When the training samples are not linearly separable, we cannot find a solution to the optimization problem in (18.15). However, if the samples are nonlinearly separable, we can map the input samples to a higher-dimensional space with a properly chosen nonlinear mapping Φ so that the samples become linearly separable and the problem in (18.15) is solvable, as shown in Fig. 18.2. However, this may dramatically increase the dimensionality of the feature space, resulting in the so-called dimension disaster. The answer lies in the kernel technique introduced above. Notice that the problem in (18.15) and the optimal classification function in (18.16) exclusively involve the dot product operation on input vectors. We can avoid an explicit nonlinear mapping by using some appropriate kernel function k(x _i, x _j) to replace the dot product x _i ⋅ x _j, where k(x _i, x _j) = Φ(x _i) ⋅ Φ(x _j). In this way, we have the nonlinear maximum-margin classifier.

Soft Margin

Above, we have shown how kernel functions can be used to implicitly map the samples into a feature space in which the samples become linearly separable. However, it may be problematic if we always rely on the mapping induced by a kernel function to achieve perfect separation of samples. This is because the samples in practice are usually imperfect and are subject to interferences of various noises, and the linear inseparability of samples in the input space may have resulted from the noises and not be an inherent characteristic of the patterns. Further, even if the patterns are not linearly separable in the input space, there are still noises in the samples. A strong nonlinear mapping seeking perfect separation may lead to potential overfitting to training samples and reduced generalizability of classifiers. Therefore, a good algorithm should be able to tolerate some training errors. In SVM, this is achieved by introducing the concept of soft margin. The idea of this is to augment the margin by allowing some misclassified samples in the training process. The optimization problem then becomes

\begin{matrix} min_{w, b} \frac{1}{2} | | w | |^{2} + C \sum_{i = 1}^{n} ξ_{i} \\ with y_{i} (x \cdot w + b) - 1 + ξ_{i} \geq 0, i = 1, 2, \dots, n, \\ ξ_{i} \geq 0, i = 1, 2, \dots, n, \end{matrix}

(18.17)

where ξ _i are slack variables, C is the parameter controlling the tradeoff between the classification margin and training errors, and the coefficient 1/2 is introduced for representation convenience. The Lagrangian dual problem of this problem is

\begin{matrix} max_{α} \sum_{i = 1}^{n} α_{i} - \frac{1}{2} \sum_{i = 1}^{n} \sum_{j = 1}^{n} y_{i} y_{j} α_{i} α_{j} (x_{i} \cdot x_{j}) \\ with \sum_{i = 1}^{n} y_{i} α_{i} = 0, \\ \forall i : 0 \leq α_{i} \leq C, i = 1, 2, \dots, n . \end{matrix}

(18.18)

Again, the problem exclusively involves the dot product operation on input vectors. Therefore, the dot product can be replaced by a kernel function; That is,

\begin{matrix} max_{α} \sum_{i = 1}^{n} α_{i} - \frac{1}{2} \sum_{i = 1}^{n} \sum_{j = 1}^{n} y_{i} y_{j} α_{i} α_{j} k (x_{i}, x_{j}) \\ with \sum_{i = 1}^{n} y_{i} α_{i} = 0, \\ \forall i : 0 \leq α_{i} \leq C, i = 1, 2, \dots, n . \end{matrix}

(18.19)

Solving this optimization problem leads to the nonlinear soft margin classifier

\begin{matrix} f (x) = sgn [\sum_{i = 1}^{n} α_{i}^{*} y_{i} k (x, x_{i}) + b^{*}], \end{matrix}

(18.20)

in which α _i ^* is the solution to the problem in (18.19), and b ^* can be calculated with

\begin{matrix} b^{*} = \frac{1}{y_{i}} - \sum_{j = 1}^{n} α_{i}^{*} y_{j} k (x_{i}, x_{j}), \end{matrix}

(18.21)

where i is an arbitrary index satisfying 0 < α _i < C.

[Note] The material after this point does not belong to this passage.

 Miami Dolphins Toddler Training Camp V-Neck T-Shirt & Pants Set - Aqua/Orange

Only the samples with α _i ^* > 0 contribute to the final maximum-margin hyperplane, being called support vectors (SVs). SVs are those samples that are on or between the hyperplanes H ₁ and H ₂.

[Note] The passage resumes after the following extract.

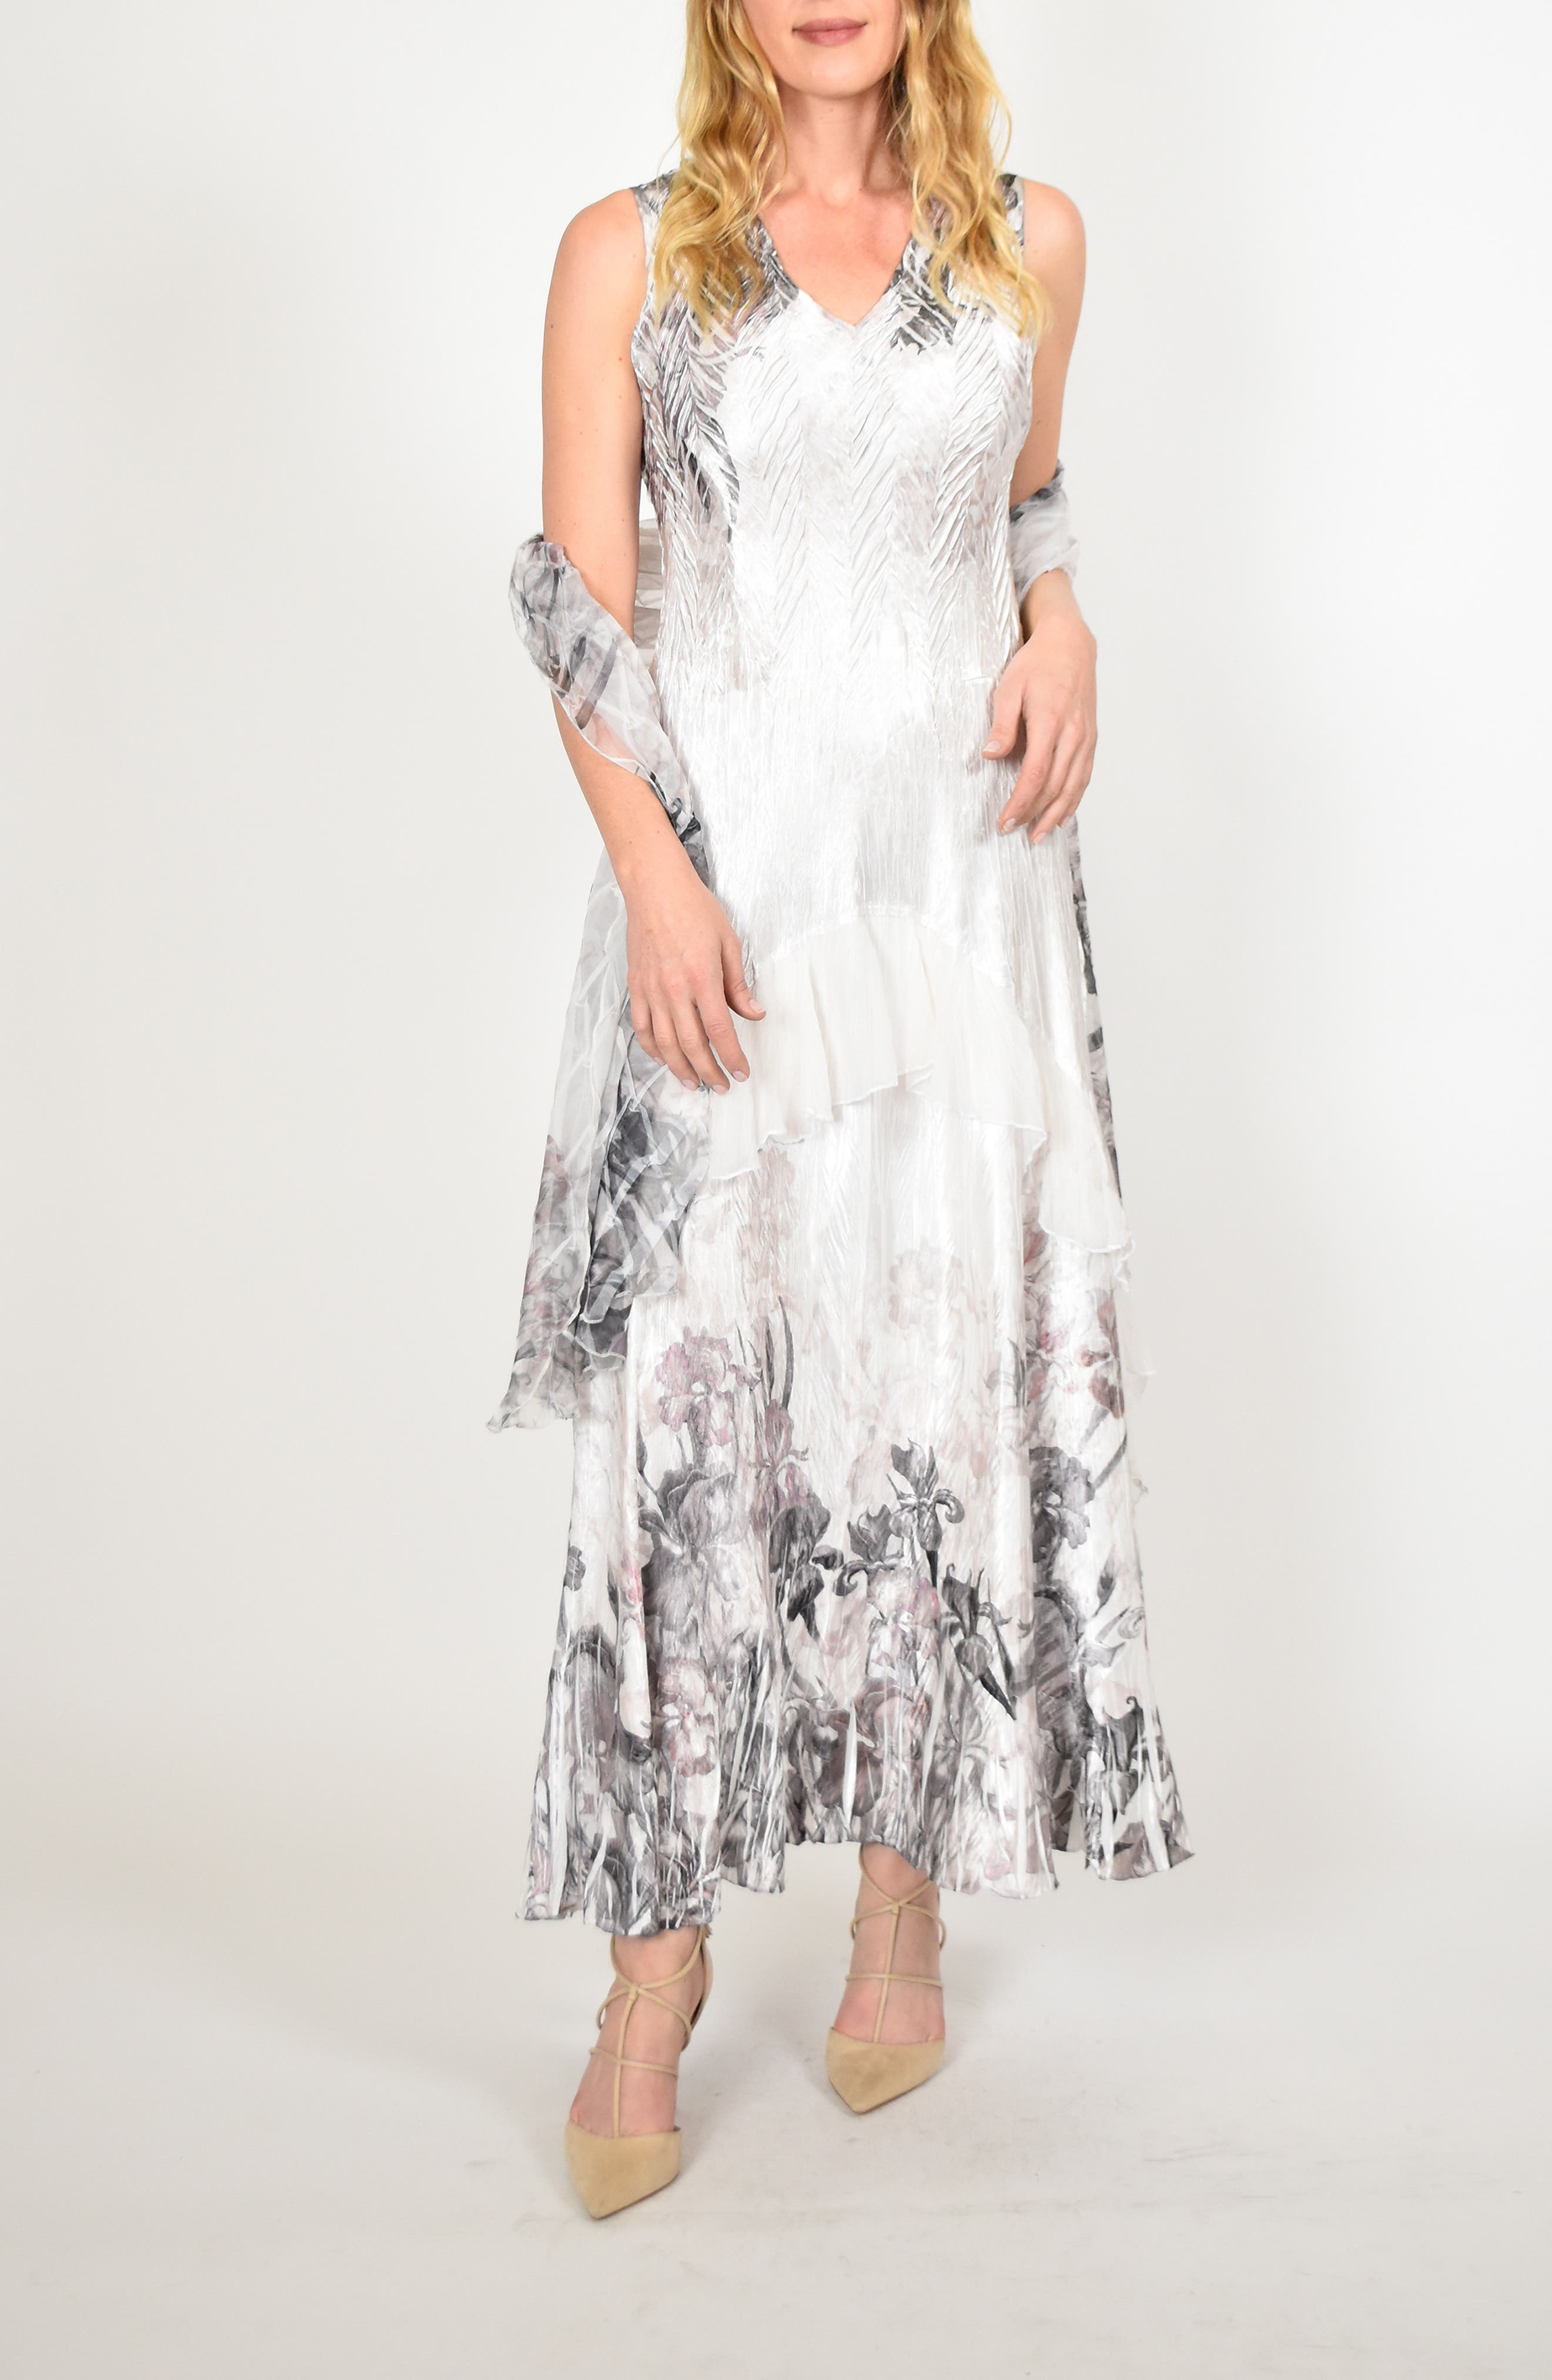 KOMAROV Charmeuse Dress with Wrap, Main, color, IRIS GARDEN

Applications of Kernel Methods to Bioinformatics

Kernel methods, especially the SVM, have been successfully used to address various biological problems, e.g., gene prediction [18.34], gene expression data analysis [18.35], RNA splicing site prediction [18.36], protein classification [18.26], protein structure prediction [18.37], protein function prediction [18.38], protein mass-spectrometric data analysis [18.39,40], etc. This section does not list all applications of kernel methods in bioinformatics (some reviews already exist, e.g., [18.3,4,5]), but gives some detailed research results on two specific problems, namely peptide identification from tandem mass spectra and protein homology prediction.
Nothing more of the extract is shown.